O ensaio de Martin Carnoy analisa o papel das escolas públicas americanas na incorporação de ondas heterogêneas de imigração a uma “cultura” nacional de massa e a relação complexa entre educação, estado e cultura em uma sociedade capitalista democrática.

Interpretações da Reforma Escolar:

  • Uma interpretação sugere que as escolas impõem uma ideologia dominante para socializar imigrantes e a “gentalha” da classe baixa em uma força de trabalho disciplinada.
  • Outra interpretação argumenta que as escolas incorporam estudantes em um conjunto de normas e valores que já refletem a cultura de massa, sendo a aceitação o mínimo para evitar a alienação.
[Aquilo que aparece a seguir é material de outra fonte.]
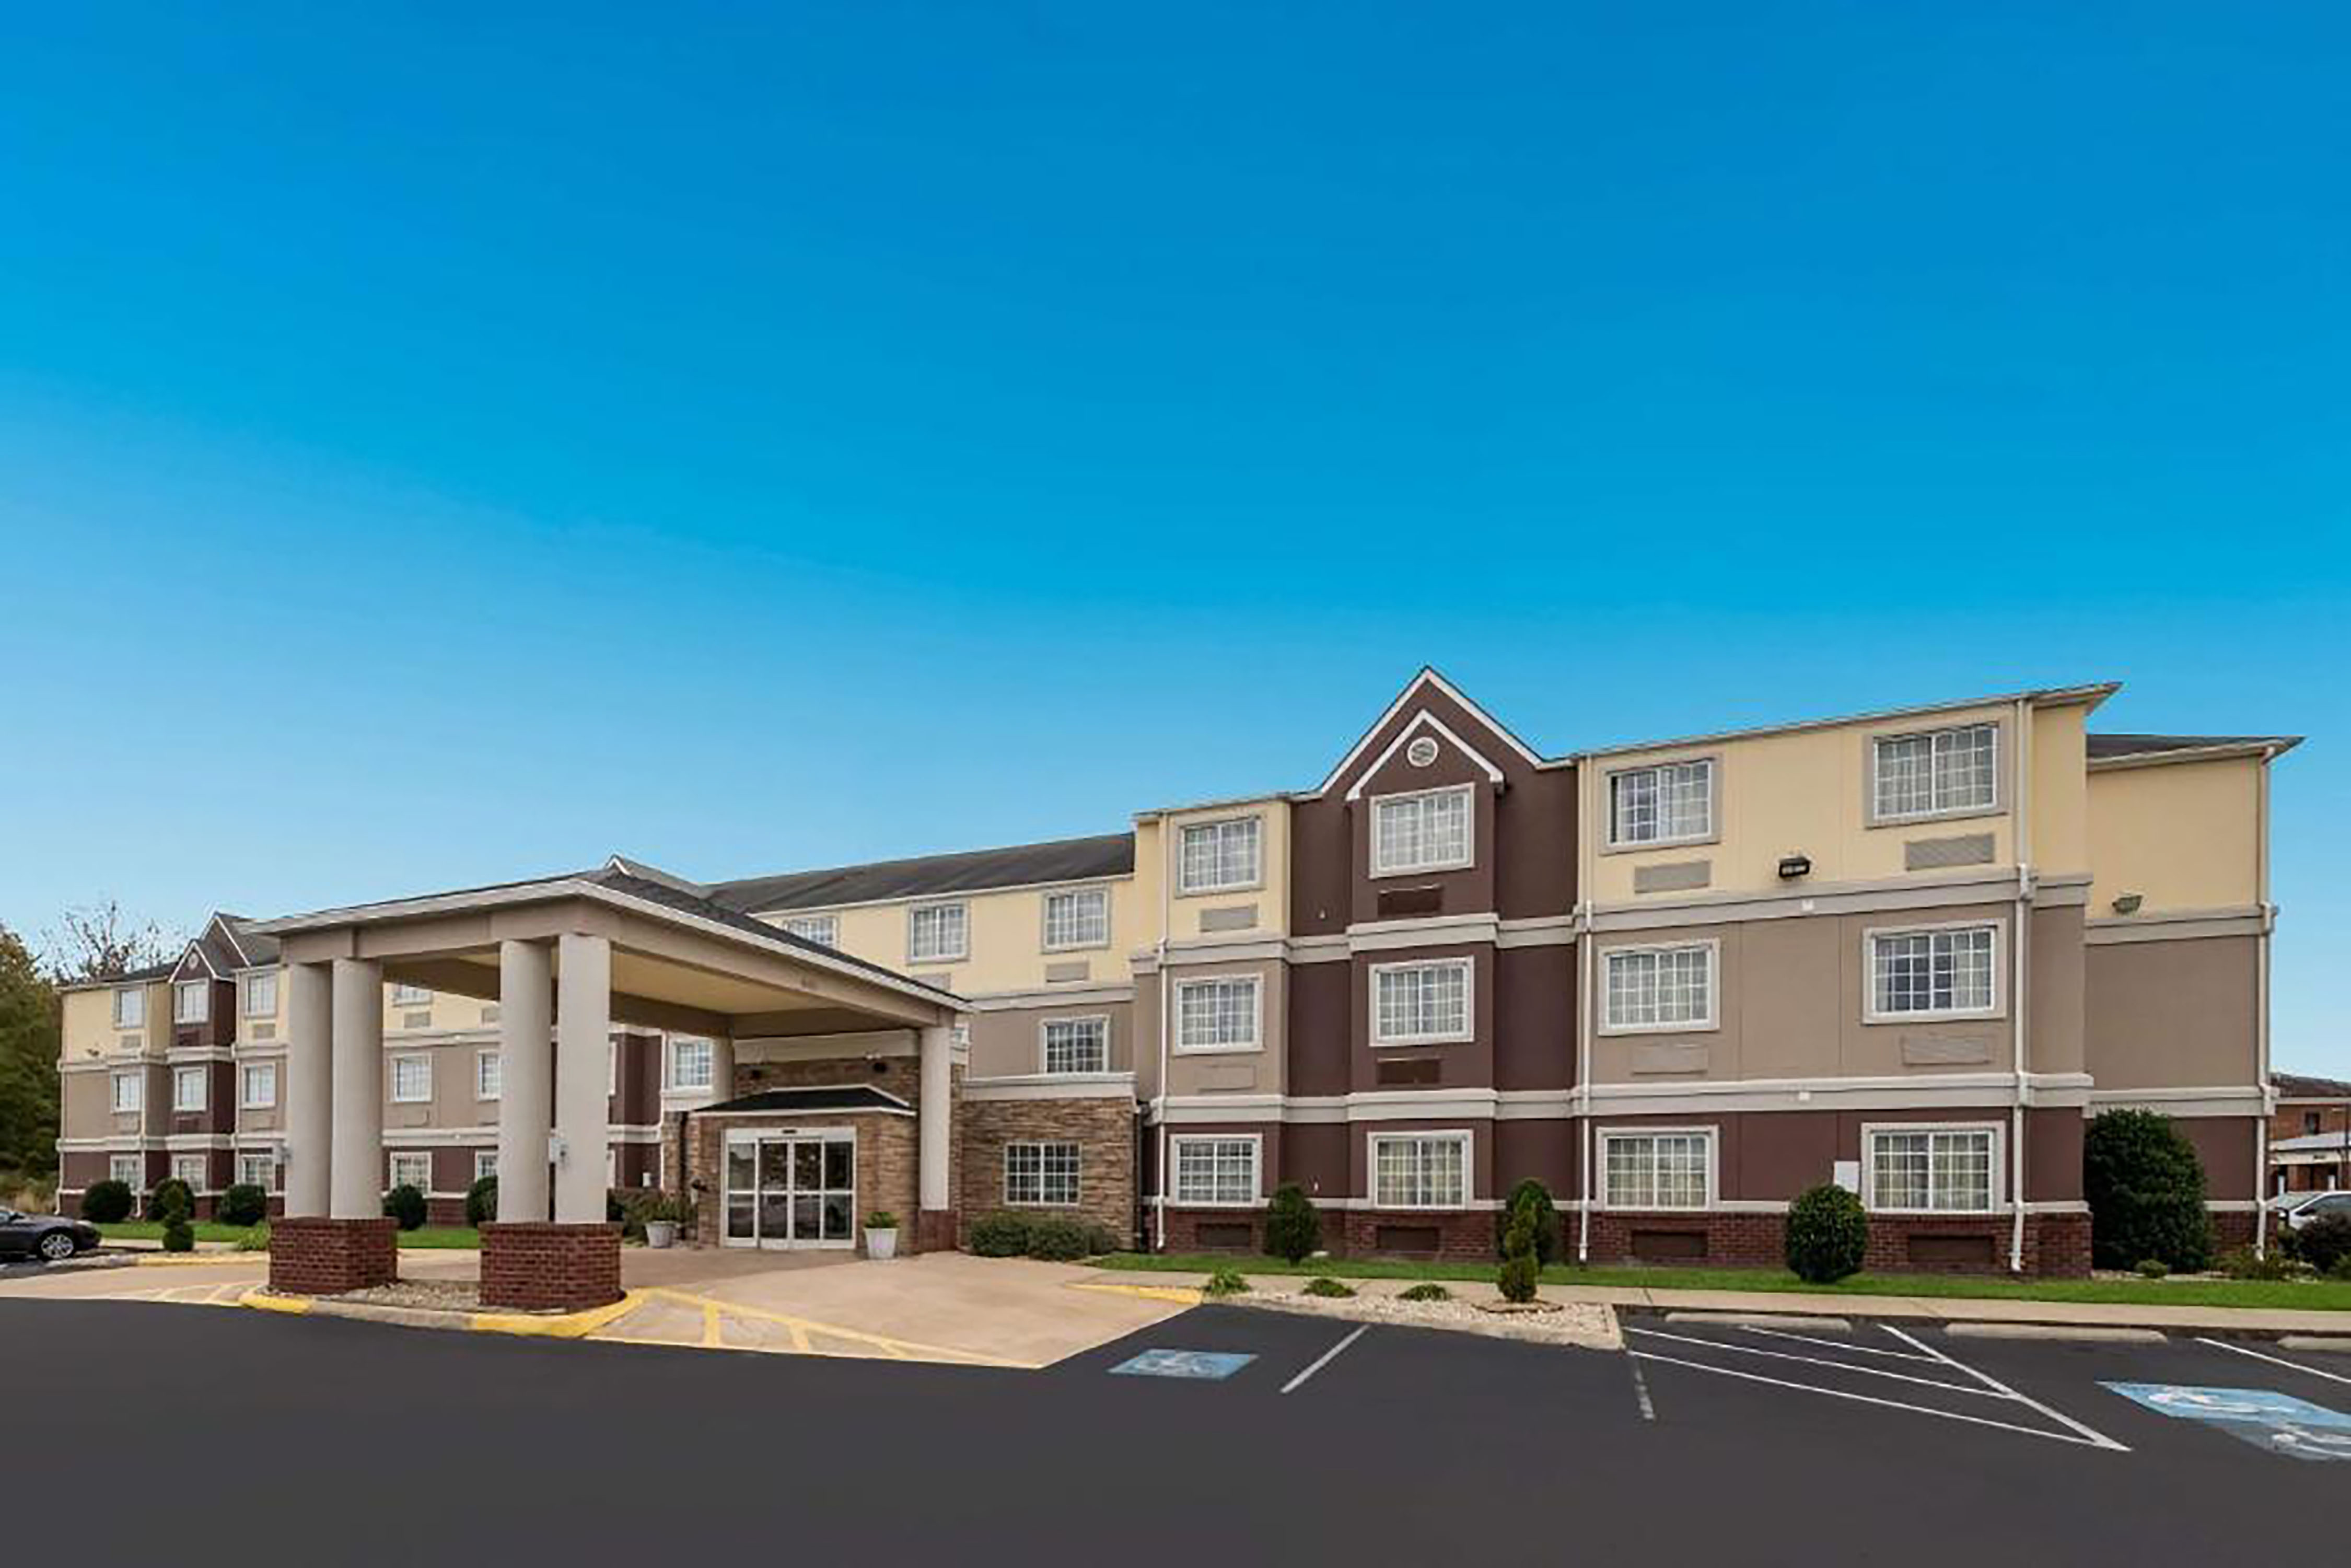 Exterior Day Image of Baymont by Wyndham Elizabeth City hotel in Elizabeth City, North Carolina
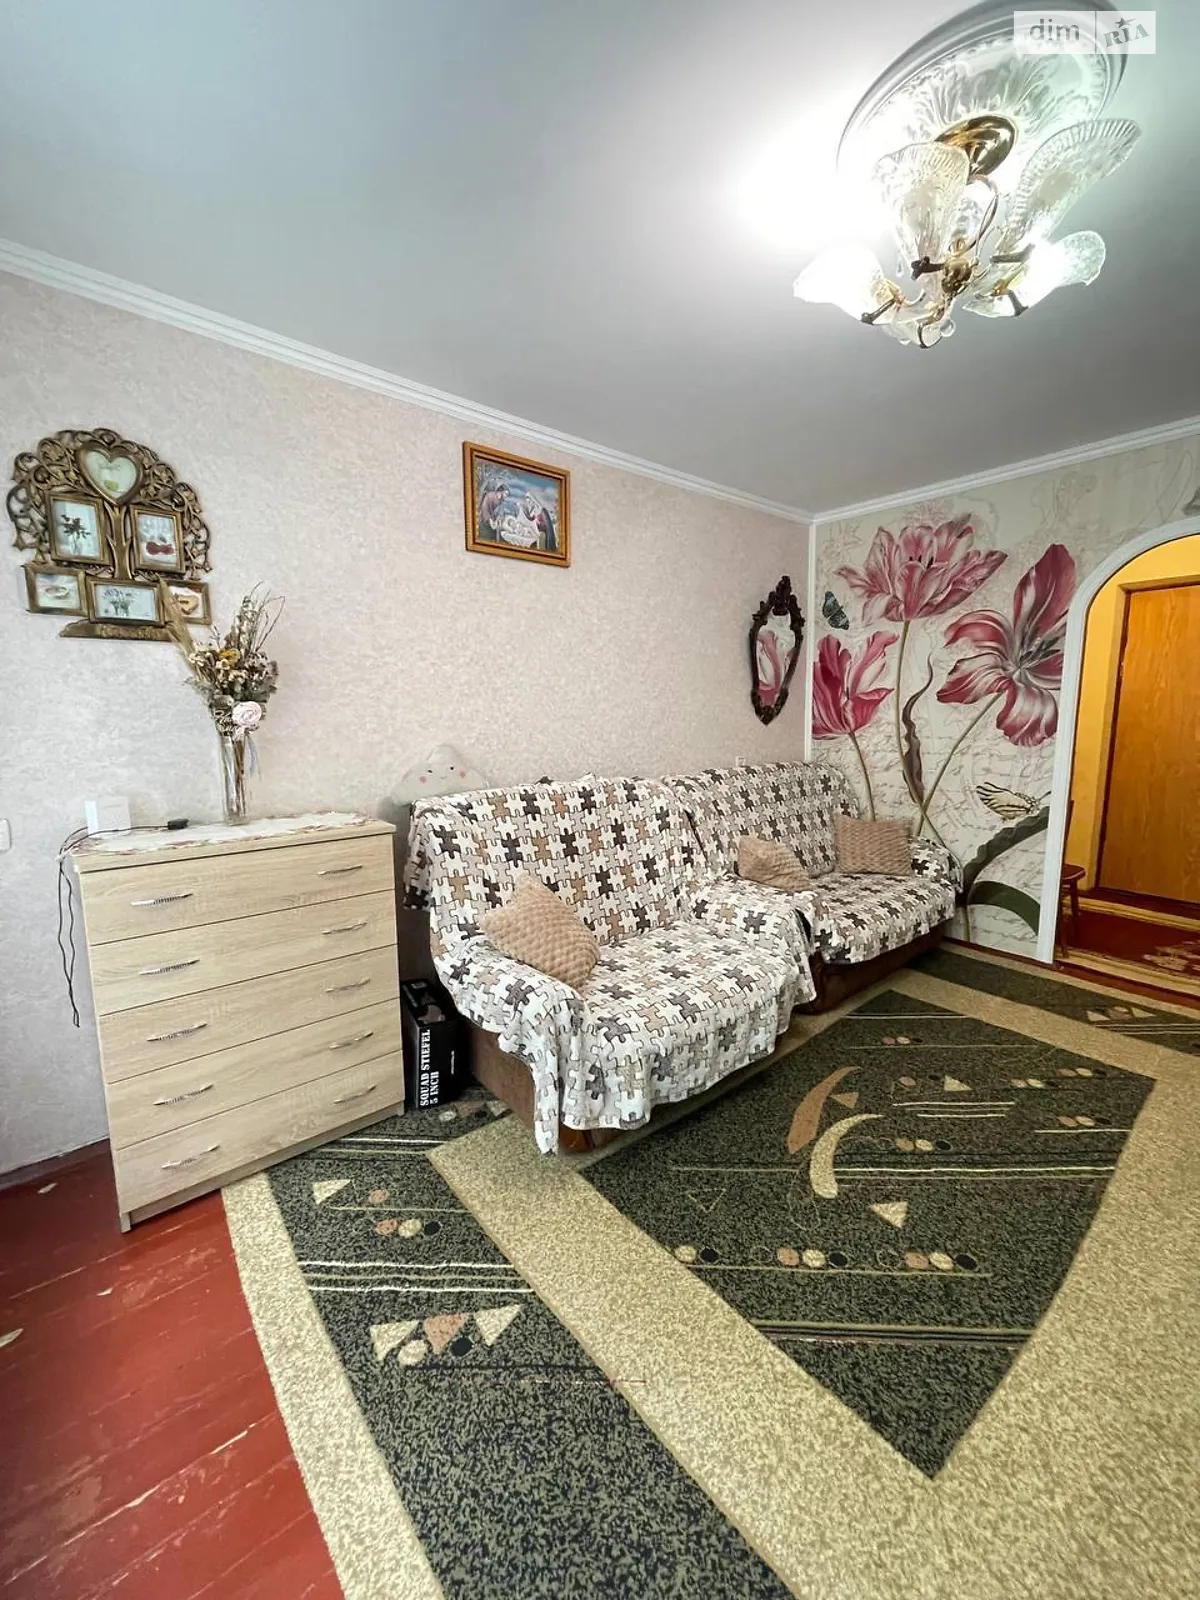 Продается комната 20 кв. м в Тернополе, цена: 12000 $

O Estado Capitalista Democrático e a Educação:

  • O estado capitalista democrático tem objetivos educacionais contraditórios:
    • Um papel “reprodutivo”: socializar e treinar a força de trabalho e fazer as desigualdades do capitalismo parecerem naturais, impondo uma representação ideológica da cultura empresarial dominante.
    • Um papel “democratizante”: incutir ideais democráticos e responder às demandas por acesso igualitário a bens e serviços.
  • A educação americana é o produto de forças reprodutivas (tentativas da classe dominante de impor sua visão) e forças democratizantes (tentativas de grupos subordinados de moldar as escolas para o desenvolvimento de suas culturas).
  • As escolas públicas são um alvo principal do conflito social entre o capital e o trabalho e os movimentos sociais que buscam maior igualdade.

Cultura e Ideologia:

  • Cultura é a “totalidade de padrões de comportamento socialmente transmitidos, artes, crenças, instituições e todos os outros produtos do trabalho e pensamento humano característicos de uma comunidade ou população”.
  • Ideologia é uma versão ahistórica da cultura da classe dominante. É a concepção do grupo dominante sobre o que o grupo subordinado deve aspirar. A aceitação da ideologia dominante implica a separação da cultura de grupo anterior, mas em uma democracia, a participação política individual permite influenciar a mudança cultural.
  • A resistência, em contraste com a “saída” apolítica, é o conflito com a escola por parte de estudantes que entendem a visão da escola como uma barreira ao desenvolvimento cultural de seu grupo. O sucesso escolar para estudantes marginalizados significa inclusão, incorporação e expansão da cultura de massa.